| Work to be completed |
The line that contains "Comicstaan 2018 Hindi" marks the start. Please set it down, with every later line of the data, exactly and without pictures.

| Given material |
□ □ □ □ □

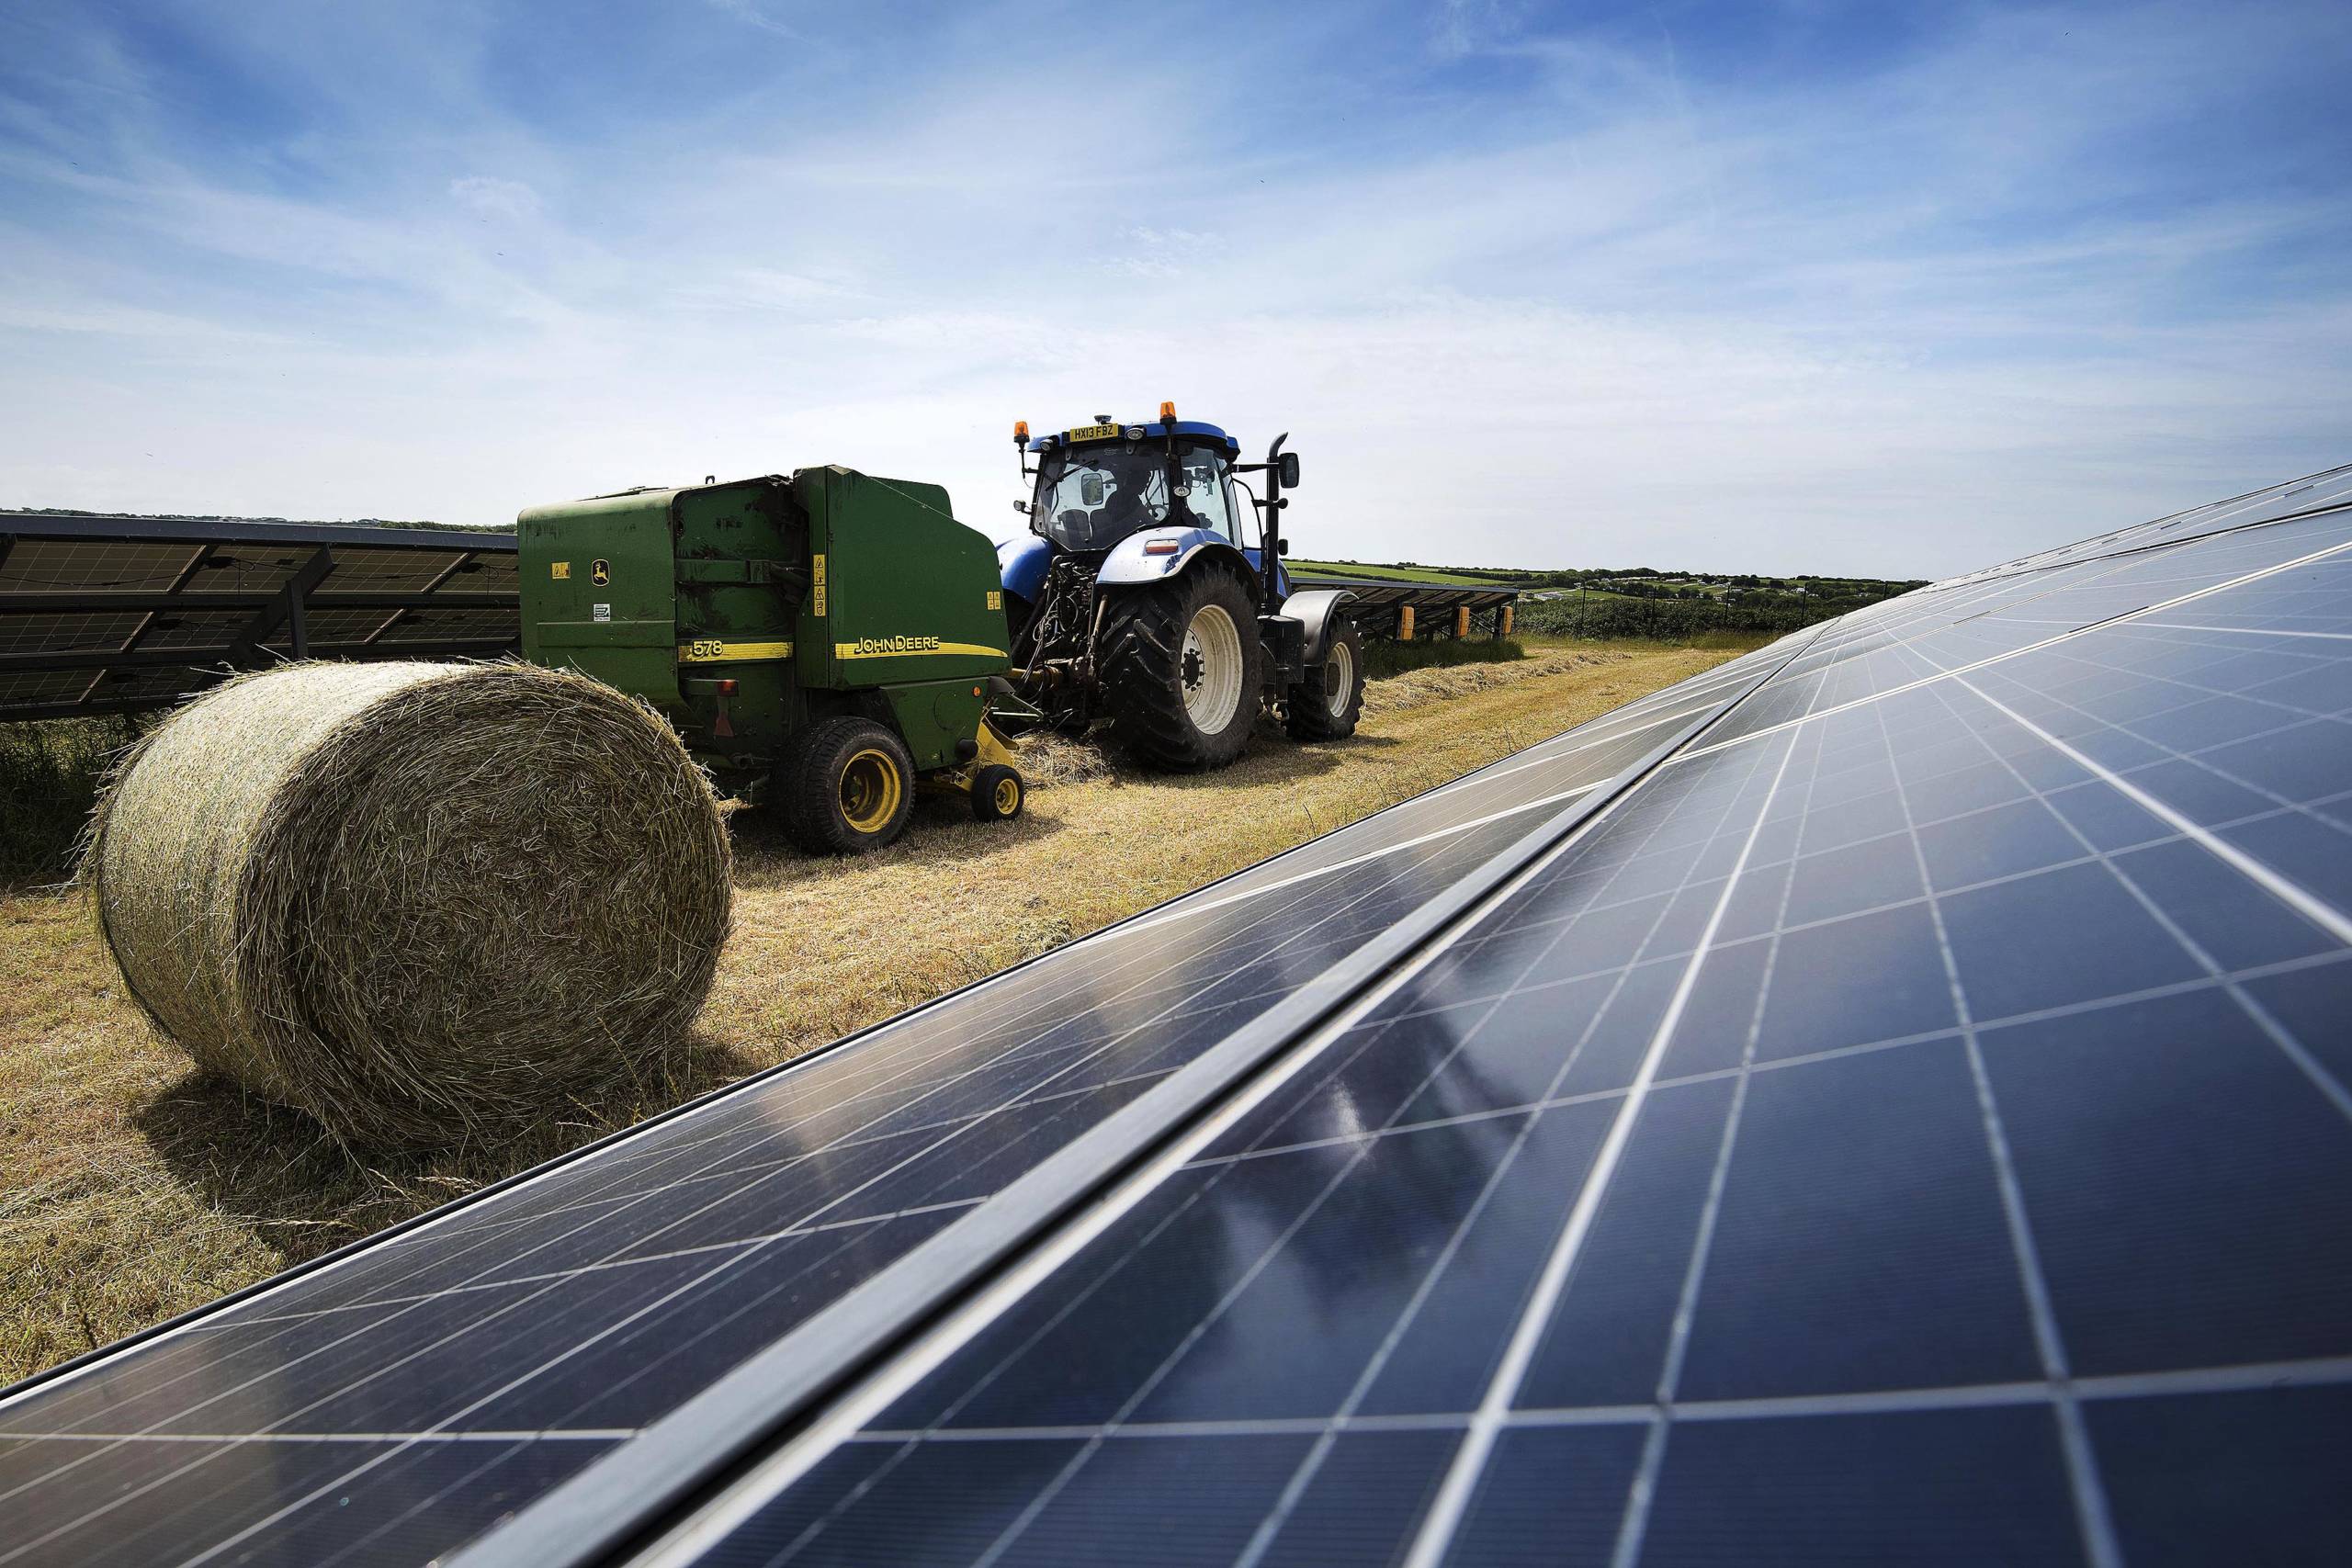 Tractor bailing on solar farm
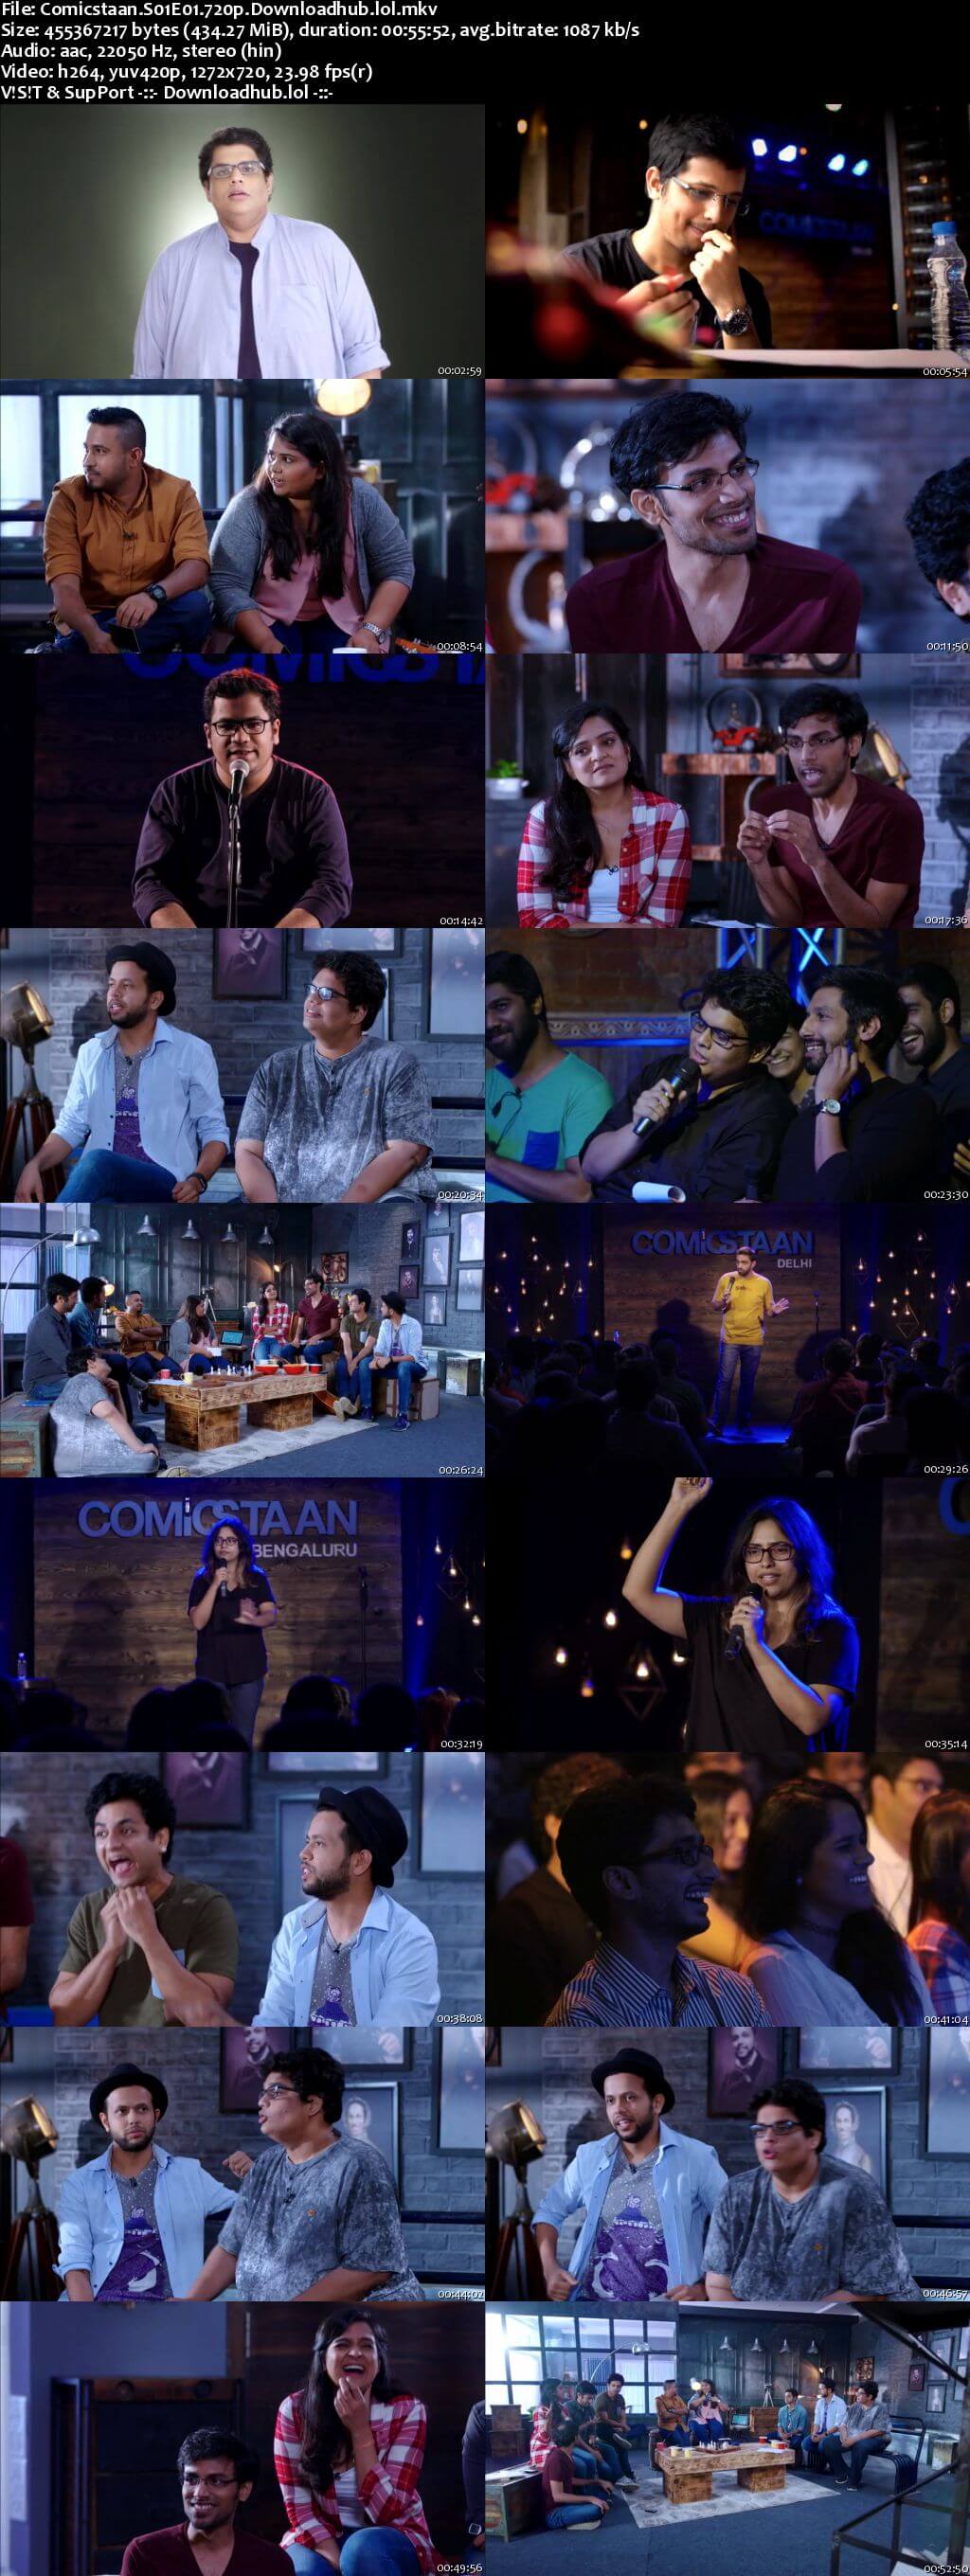 Comicstaan 2018 Hindi Season 01 Complete 720p HDRip x264
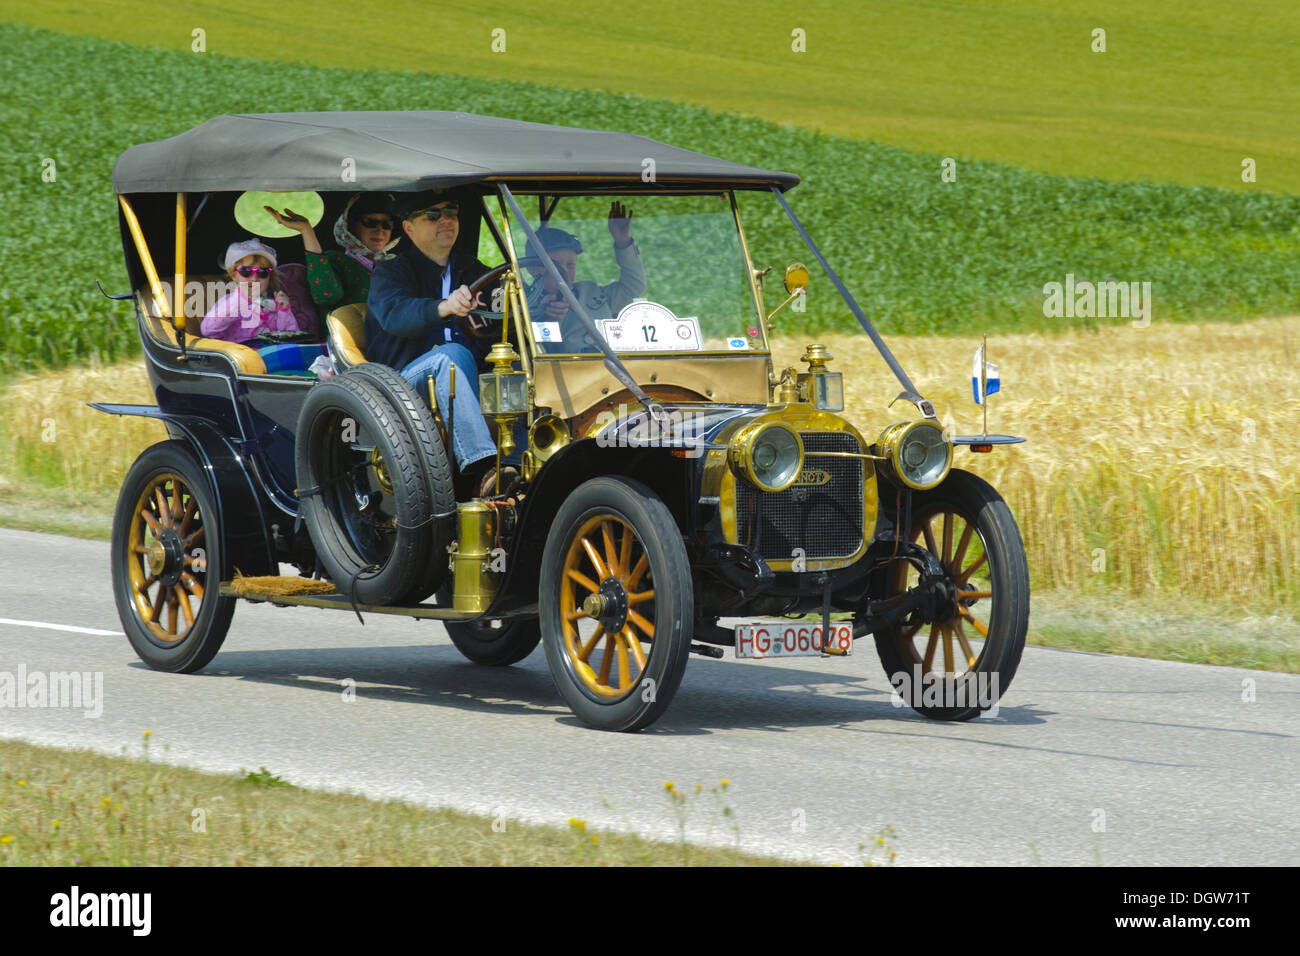 oldtimer car Duhanot CG Bolide Stock Photo
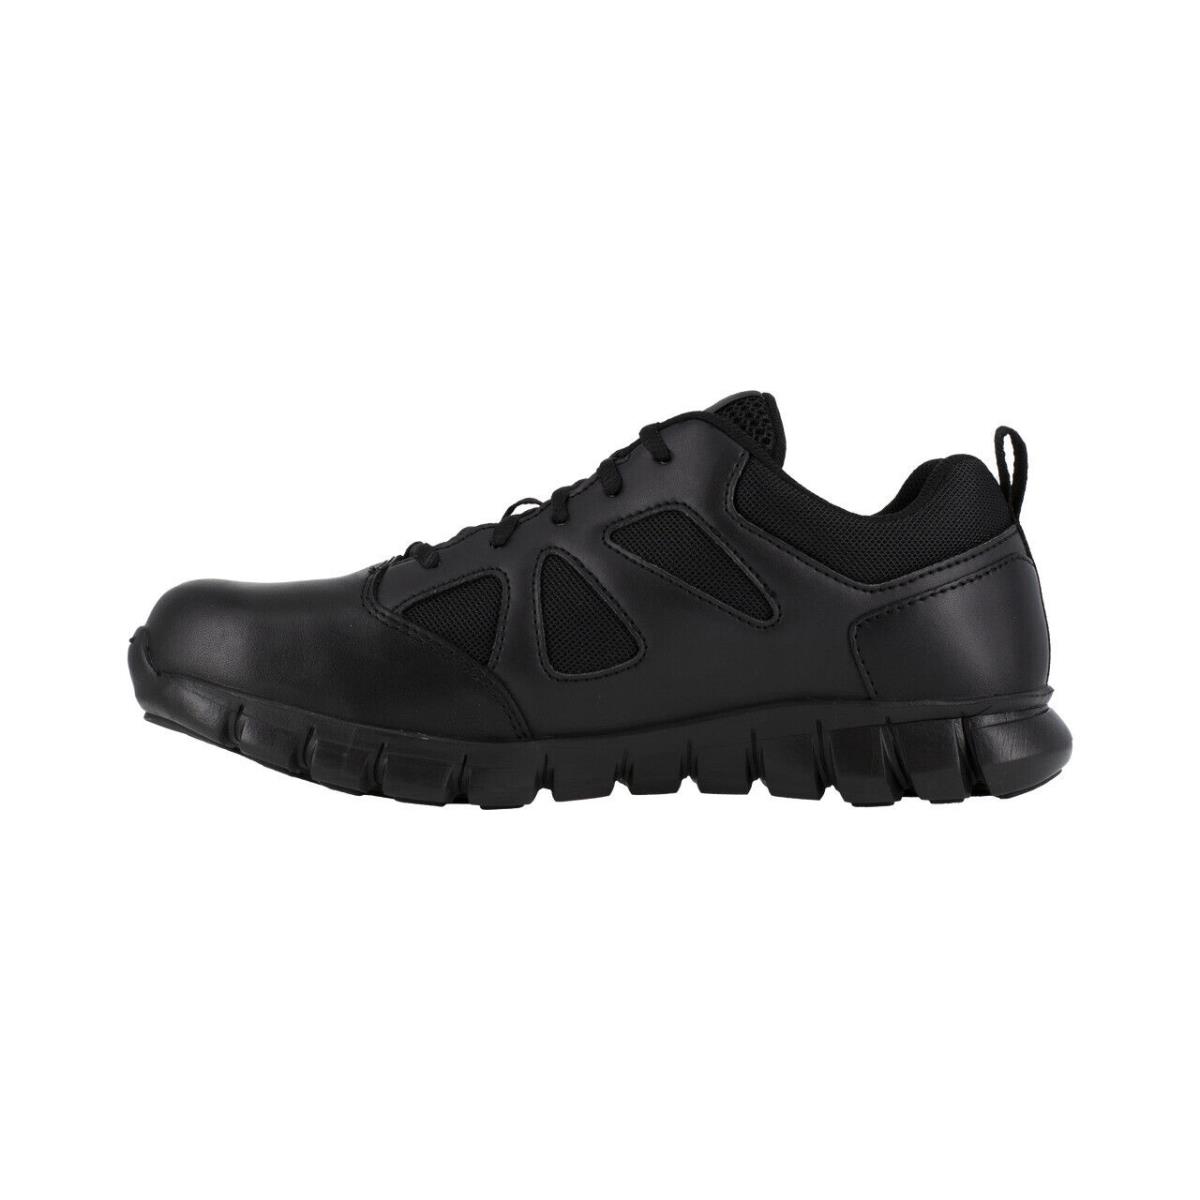 Reebok Sublite Cushion Tactical Men`s Shoe Black Boots RB8105 - All Sizes

□ □ □ □ □

| Worked solution |
 Comicstaan 2018 Hindi Season 01 Complete 720p HDRip x264
 oldtimer car Duhanot CG Bolide Stock Photo
 Reebok Sublite Cushion Tactical Men`s Shoe Black Boots RB8105 - All Sizes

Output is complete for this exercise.